Against that backdrop, the case of Christopher Pittman - an otherwise obscure small-town murder case that may go to trial this fall - has become a battleground, where the scientific threads of the F.D.A. debate have become entangled with courtroom arguments and a family's tragedy.

Pfizer, the maker of Zoloft, has helped the county solicitor who is prosecuting Christopher Pittman. Plaintiffs' lawyers from Houston and Los Angeles, who between them have brought numerous civil lawsuits against Pfizer and other antidepressant makers, have signed onto the defense team. Groups opposed to pediatric antidepressant use have also championed the boy's case, which is being played out in Chester, S.C., a small town near the North Carolina border.

Locally, some people involved in the Pittman case said they have been stunned by the rush of outsiders. Even a forensic psychiatrist, who testified at a hearing that she believed that Christopher committed the murders while in a psychotic state induced by Zoloft, said she worried that the publicity may frighten parents whose children could benefit from Zoloft and similar drugs.

"I wished it could be staying in Chester, S.C., with this one kid," said the psychiatrist, Dr. Lanette Atkins of nearby Columbia, S.C., who has been retained by Christopher's public defender.

While the pediatric antidepressant debate has focused on potential suicide risks, aggressive behavior can be a side effect of antidepressants. There have also been case reports of adults and children on antidepressants acting violently. But only a handful of psychiatrists have ever argued that such medications can unleash rages so uncontrollable as to overwhelm a person's ability to distinguish between right and wrong and commit murder.

With the Pittman case pending, Pfizer, based in New York, declined to make company executives or lawyers available to be interviewed for this article. The company has previously said that no regulatory agency has ever found a connection between Zoloft and suicidal or homicidal behavior.

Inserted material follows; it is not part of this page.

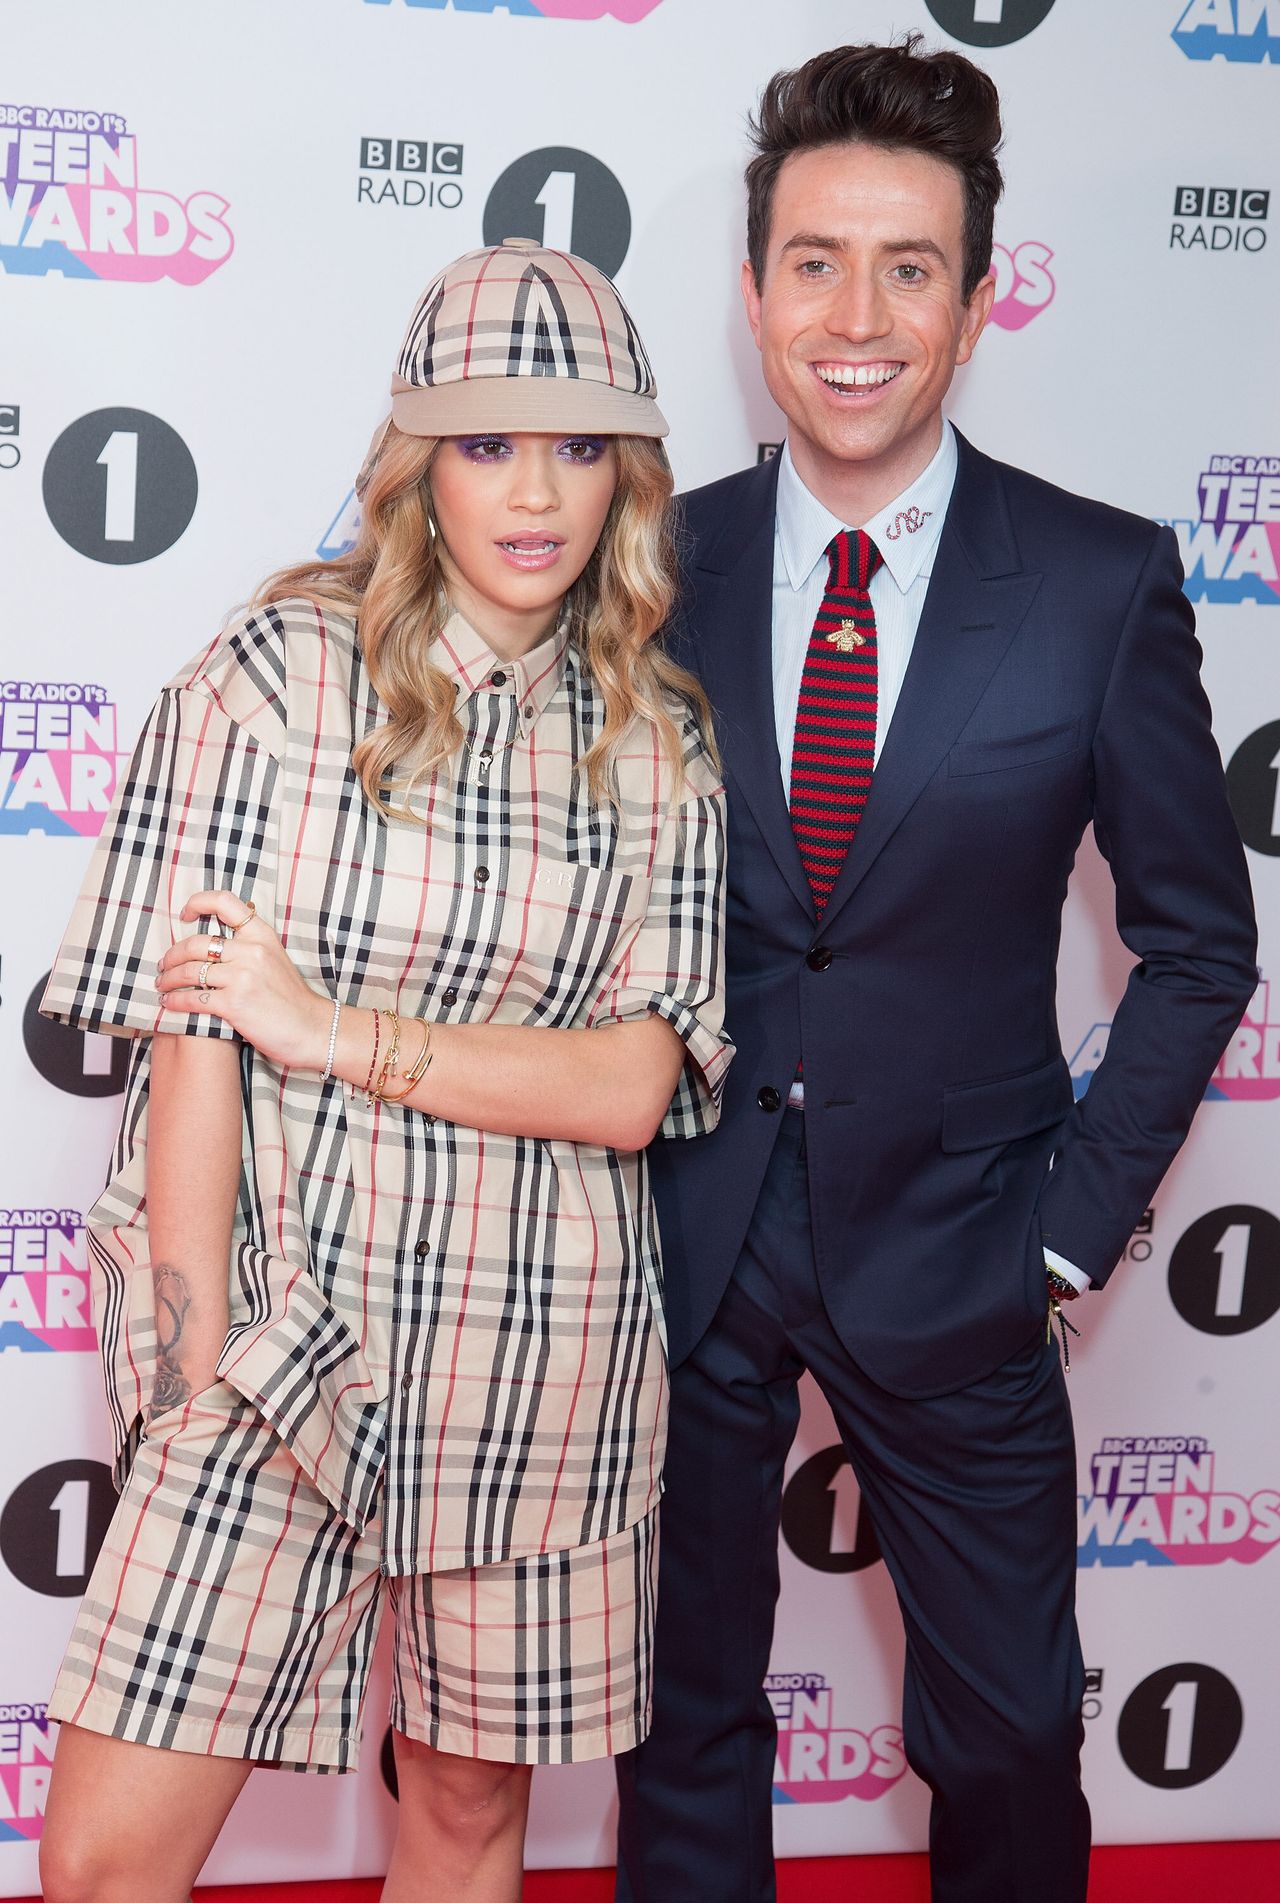 Nick with Rita Ora at the 2017 Teen Awards

Zoloft belongs to a class of medications known as selective serotonin reuptake inhibitors, or S.S.R.I.'s, which also includes other popular drugs like Paxil and Prozac. In the last year, federal drug regulators have issued cautionary statements about most S.S.R.I.'s and similar medications prescribed for the treatment of pediatric depression. The one exception has been Prozac, the only S.S.R.I. formally approved for pediatric use after it was shown to be effective in tests with children and adolescents.